> _Your goal_:
Find the line containing "From the house" in the records below. Copy exactly that line and each one after it, ending at the line containing "Ultra Products ULT31348", and nothing more.

[Records from a data collection]
******************************
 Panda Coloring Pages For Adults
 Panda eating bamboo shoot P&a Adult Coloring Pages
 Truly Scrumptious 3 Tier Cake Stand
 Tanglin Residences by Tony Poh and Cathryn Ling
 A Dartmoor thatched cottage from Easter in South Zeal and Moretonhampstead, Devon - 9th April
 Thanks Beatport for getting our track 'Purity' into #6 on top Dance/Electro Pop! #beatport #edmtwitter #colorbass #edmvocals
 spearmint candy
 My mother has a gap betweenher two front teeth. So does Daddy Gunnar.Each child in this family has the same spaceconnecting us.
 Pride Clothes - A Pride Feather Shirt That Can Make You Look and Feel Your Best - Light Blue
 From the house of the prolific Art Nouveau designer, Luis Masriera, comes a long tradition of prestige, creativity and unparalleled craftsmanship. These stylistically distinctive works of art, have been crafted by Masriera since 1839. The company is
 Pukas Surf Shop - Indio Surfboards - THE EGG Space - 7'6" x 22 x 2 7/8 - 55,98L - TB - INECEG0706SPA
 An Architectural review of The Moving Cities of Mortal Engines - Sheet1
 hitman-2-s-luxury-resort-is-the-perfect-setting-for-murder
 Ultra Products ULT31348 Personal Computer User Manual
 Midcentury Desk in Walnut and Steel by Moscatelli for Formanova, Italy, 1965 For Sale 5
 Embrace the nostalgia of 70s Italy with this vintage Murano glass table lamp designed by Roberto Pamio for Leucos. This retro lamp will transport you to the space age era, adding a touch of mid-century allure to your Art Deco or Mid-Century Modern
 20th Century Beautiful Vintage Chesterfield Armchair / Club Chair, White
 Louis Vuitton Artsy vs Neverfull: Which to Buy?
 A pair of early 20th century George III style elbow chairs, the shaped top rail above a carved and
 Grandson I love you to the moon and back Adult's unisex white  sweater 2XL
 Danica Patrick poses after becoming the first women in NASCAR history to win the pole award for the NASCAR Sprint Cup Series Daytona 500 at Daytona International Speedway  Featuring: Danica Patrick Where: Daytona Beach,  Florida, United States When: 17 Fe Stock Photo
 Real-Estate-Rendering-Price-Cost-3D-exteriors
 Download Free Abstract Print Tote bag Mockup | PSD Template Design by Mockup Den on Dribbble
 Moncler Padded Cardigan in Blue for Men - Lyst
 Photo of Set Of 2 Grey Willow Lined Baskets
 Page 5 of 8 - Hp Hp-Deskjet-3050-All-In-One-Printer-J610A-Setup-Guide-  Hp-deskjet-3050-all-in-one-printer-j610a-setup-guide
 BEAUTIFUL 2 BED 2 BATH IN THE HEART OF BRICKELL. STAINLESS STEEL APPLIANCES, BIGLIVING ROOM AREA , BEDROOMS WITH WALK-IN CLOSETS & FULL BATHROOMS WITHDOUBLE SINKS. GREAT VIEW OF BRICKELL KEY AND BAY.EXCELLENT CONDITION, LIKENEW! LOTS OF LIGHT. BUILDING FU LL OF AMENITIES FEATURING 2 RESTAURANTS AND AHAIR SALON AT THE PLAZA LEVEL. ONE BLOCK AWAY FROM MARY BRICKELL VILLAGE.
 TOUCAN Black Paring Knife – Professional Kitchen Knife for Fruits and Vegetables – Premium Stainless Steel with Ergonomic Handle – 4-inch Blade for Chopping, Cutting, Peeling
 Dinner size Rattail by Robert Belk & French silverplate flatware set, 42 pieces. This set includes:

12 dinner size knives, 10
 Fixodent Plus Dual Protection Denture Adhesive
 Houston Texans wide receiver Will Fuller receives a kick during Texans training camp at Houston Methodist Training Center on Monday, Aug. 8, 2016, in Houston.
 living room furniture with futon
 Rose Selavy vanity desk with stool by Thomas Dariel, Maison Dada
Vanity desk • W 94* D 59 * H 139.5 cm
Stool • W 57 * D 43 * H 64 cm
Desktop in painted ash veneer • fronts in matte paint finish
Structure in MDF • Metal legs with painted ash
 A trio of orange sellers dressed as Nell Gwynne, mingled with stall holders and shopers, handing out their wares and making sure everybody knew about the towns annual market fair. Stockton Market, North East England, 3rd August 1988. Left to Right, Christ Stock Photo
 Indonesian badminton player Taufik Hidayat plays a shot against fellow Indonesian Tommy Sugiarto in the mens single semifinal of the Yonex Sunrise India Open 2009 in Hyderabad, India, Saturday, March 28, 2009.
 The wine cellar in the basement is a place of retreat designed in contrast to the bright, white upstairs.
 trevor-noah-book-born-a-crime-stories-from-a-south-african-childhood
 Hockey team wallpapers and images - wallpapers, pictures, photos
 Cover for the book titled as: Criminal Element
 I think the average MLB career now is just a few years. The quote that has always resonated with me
******************************
> _Exercise answer_:
 From the house of the prolific Art Nouveau designer, Luis Masriera, comes a long tradition of prestige, creativity and unparalleled craftsmanship. These stylistically distinctive works of art, have been crafted by Masriera since 1839. The company is
 Pukas Surf Shop - Indio Surfboards - THE EGG Space - 7'6" x 22 x 2 7/8 - 55,98L - TB - INECEG0706SPA
 An Architectural review of The Moving Cities of Mortal Engines - Sheet1
 hitman-2-s-luxury-resort-is-the-perfect-setting-for-murder
 Ultra Products ULT31348 Personal Computer User Manual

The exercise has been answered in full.